A eclosão da agressão direta contra a Ucrânia tornou as coisas difíceis para os nacionalistas pró-Rússia. Os nacionalistas letões agora os olham com olhos piores, se possível. Mas também a situação representa um desafio para a minoria de língua russa. Além das afinidades culturais ou linguísticas, além dos sentimentos de ressentimento. Como enfrentar a polaridade dos laços que os unem ao mundo russo sem deixar de ser europeus? Algumas formações da minoria russa reiteraram uma visão: construir uma Letônia com base na cidadania, direitos cívicos, patriotismo constitucional, aceitação da língua letã, mas liberdade linguística para falantes de russo, sem preconceito ou discriminação. E se eles levantarem isso para a Letônia, também terão que pensar no que fazer com a Rússia. Para eles, parece não haver outra possibilidade senão uma mudança de regime. Faça com que seus parentes ou conhecidos na Rússia percebam a situação real. Não se isole do mundo.

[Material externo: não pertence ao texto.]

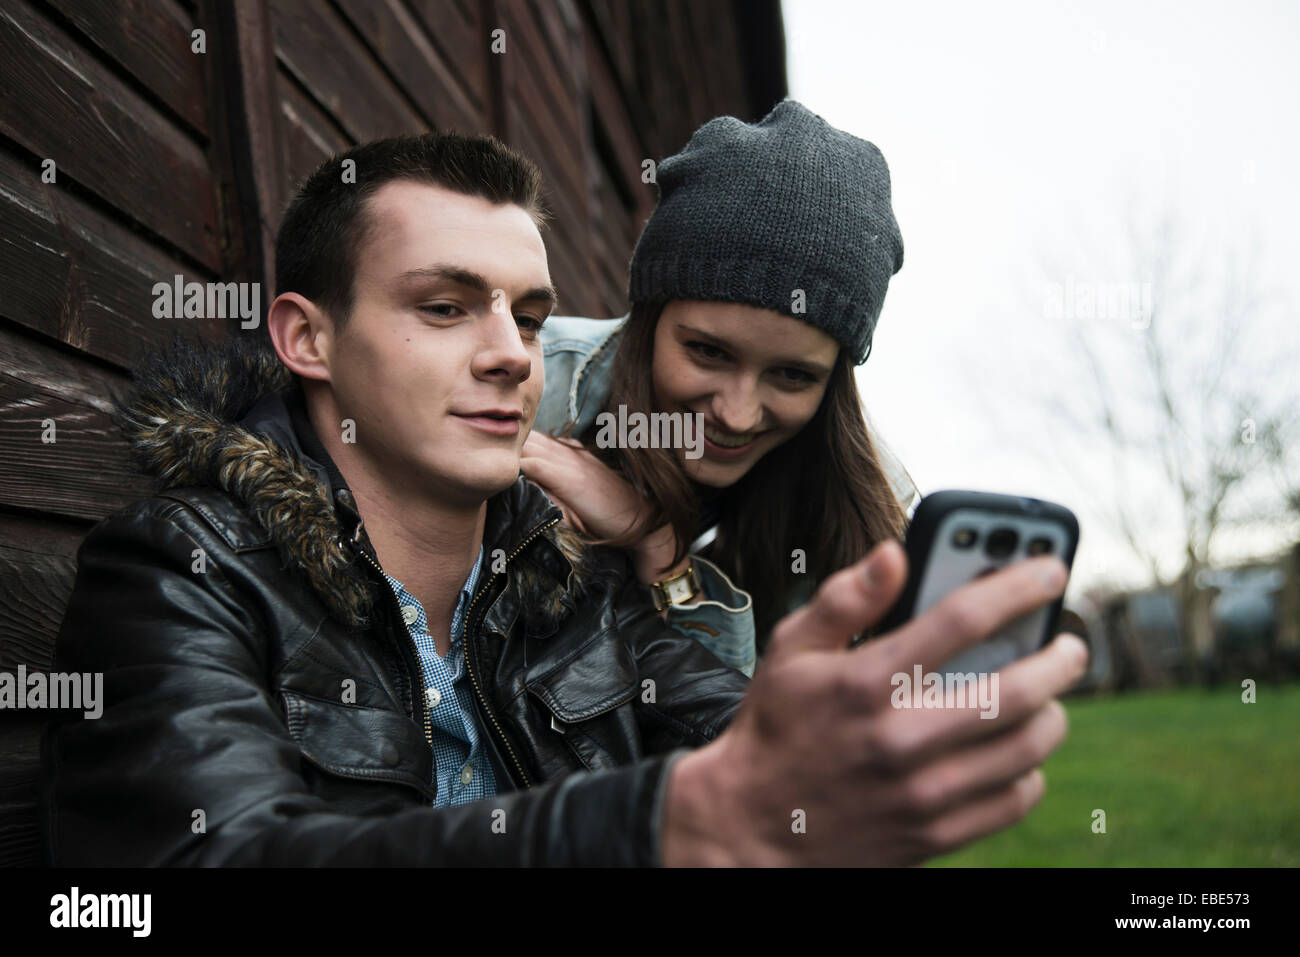 Close-up of young man and teenage girl outdoors, looking at cell phone, Germany Stock Photo

Isto é muito difícil. Para isso são necessárias muitas coisas: não ceder um centímetro de terra ucraniana, mas levar a sério os temores russos e oferecer soluções concretas — sim, já, hoje, durante a guerra. Dar uma guinada em sentido europeísta, reforçando nossos interesses acima dos da atual beligerante América, atolada em sua já longa crise política. Aumente — massivamente — informações para a Rússia em russo. Fazer compreender que só a defesa dos direitos e liberdades cívicas garante a soberania nacional e a prosperidade mútua. Reforçar e recuperar a ideia europeia na Rússia. Para isso, a Letônia é um laboratório para aprender.

Conseguir isso requer muito esforço, ideias claras. Mas acima de tudo uma coisa: um propósito e uma visão da Europa. Não é por acaso que os nacional-populistas de direita e de esquerda olham com bons olhos para a Rússia de Putin. Acabar com a Europa é seu objetivo comum.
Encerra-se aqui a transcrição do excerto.